Example: under the null model $X \sim \mathrm{PB}(\mathbf p)$,

- upper-tail p-value: $\mathbb P(X \ge x) = \mathrm{sf}(x-1)$
- lower-tail p-value: $\mathbb P(X \le x) = \mathrm{cdf}(x)$

### B) Bayesian modeling (uncertain probabilities)
If each $p_i$ is uncertain (e.g., you have a posterior over $p_i$), the posterior predictive distribution of the sum is a **mixture of Poisson binomials**.

A simple approach is Monte Carlo:
1. sample $\mathbf p^{(s)}$ from the posterior,
2. compute the Poisson binomial PMF for each draw,
3. average the PMFs.

### C) Generative modeling
Poisson binomial is a natural building block for generative models that produce *counts* from heterogeneous binary events (e.g., conversions, failures, wins).


In [None]:
# A) Hypothesis test example: is an observed count unusually high?

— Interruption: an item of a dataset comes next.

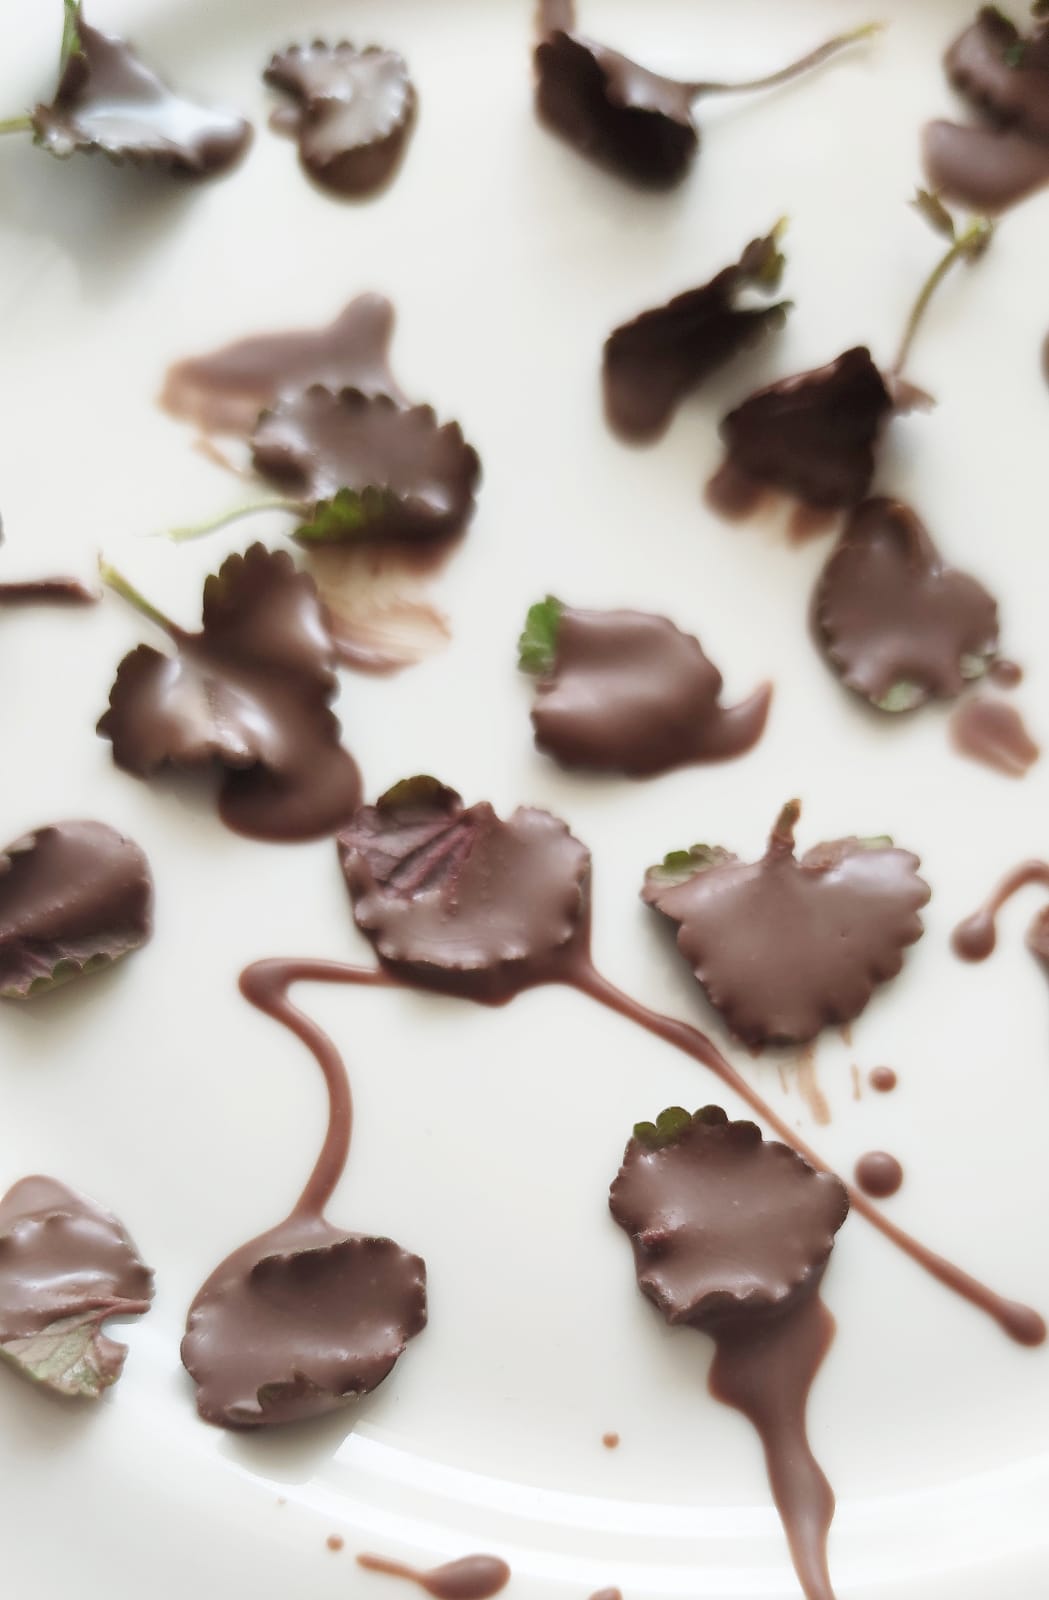 Bild zum Schritt 6 für das Bastel- und DIY-Abenteuer für Kinder: 'Legt die Schokoladen Blätter anschließend auf einen Teller und lasst...'

p = np.array([0.02, 0.05, 0.08, 0.10, 0.15, 0.20, 0.25, 0.30])
rv = stats.poisson_binom(p)

x_obs = 5
p_value_upper = rv.sf(x_obs - 1)

print("Observed x =", x_obs)
print("Upper-tail p-value P(X >= x) =", float(p_value_upper))


In [None]:
# B) Bayesian predictive example (Monte Carlo mixture)
#
# Suppose each p_i has a Beta prior and we observed (s_i successes out of m_i trials)
# in some historical data. We want the predictive distribution for the *next* round
# of n heterogeneous Bernoulli events.

from scipy.stats import beta

rng2 = np.random.default_rng(SEED)

n = 12

a0, b0 = 1.0, 1.0  # uniform Beta prior
m_i = rng2.integers(20, 80, size=n)

# synthetic historical success counts
p_latent = rng2.uniform(0.05, 0.8, size=n)
s_i = rng2.binomial(m_i, p_latent)

# posterior is Beta(a0+s_i, b0+m_i-s_i)
a_post = a0 + s_i
b_post = b0 + m_i - s_i

S = 5_000  # posterior draws
pmf_accum = np.zeros(n + 1)

for _ in range(S):
    p_draw = beta.rvs(a_post, b_post, random_state=rng2)
    _, pmf_draw = poisson_binom_pmf_array(p_draw)
    pmf_accum += pmf_draw

pmf_pred = pmf_accum / S
k = np.arange(n + 1)

fig = go.Figure(go.Bar(x=k, y=pmf_pred))
fig.update_layout(
    title="Posterior predictive distribution of the sum (mixture of Poisson binomials)",
    xaxis_title="k (successes)",
    yaxis_title="Predictive probability",
)
fig.show()


## 11) Pitfalls

- **Invalid parameters**: each $p_i$ must lie in $[0,1]$. Values very close to 0/1 can make the distribution nearly degenerate.
- **Dependence**: Poisson binomial assumes independent trials. Positive correlation typically inflates variance relative to the model.
- **Computing the PMF**:
  - Naively summing over subsets is $\mathcal O(2^n)$ and infeasible.
  - The dynamic-programming recursion is $\mathcal O(n^2)$ and is fine for moderate $n$.
  - For large $n$, FFT-based methods can be much faster (SciPy uses fast algorithms internally).
- **Tail probabilities**: prefer `sf` over `1-cdf` for upper tails to reduce catastrophic cancellation.
- **Fitting**: estimating a full vector $\mathbf p$ from only sum observations is typically ill-posed; consider adding structure (GLM, hierarchical priors) or using additional data.
- **Serialization**: SciPy's `poisson_binom` instances currently do not support pickling/unpickling.


## 12) Summary

- `poisson_binom` models the number of successes in **independent, non-identical Bernoulli trials**.
- The PMF is the coefficient of a polynomial / PGF; dynamic programming computes it in $\mathcal O(n^2)$ time.
- Mean and variance are simple sums: $\sum p_i$ and $\sum p_i(1-p_i)$; higher cumulants add as well.
- NumPy-only simulation is straightforward: sample each Bernoulli and sum.
- SciPy’s `scipy.stats.poisson_binom` provides PMF/CDF/SF/RVS/stats/entropy and is the go-to tool for inference on the sum.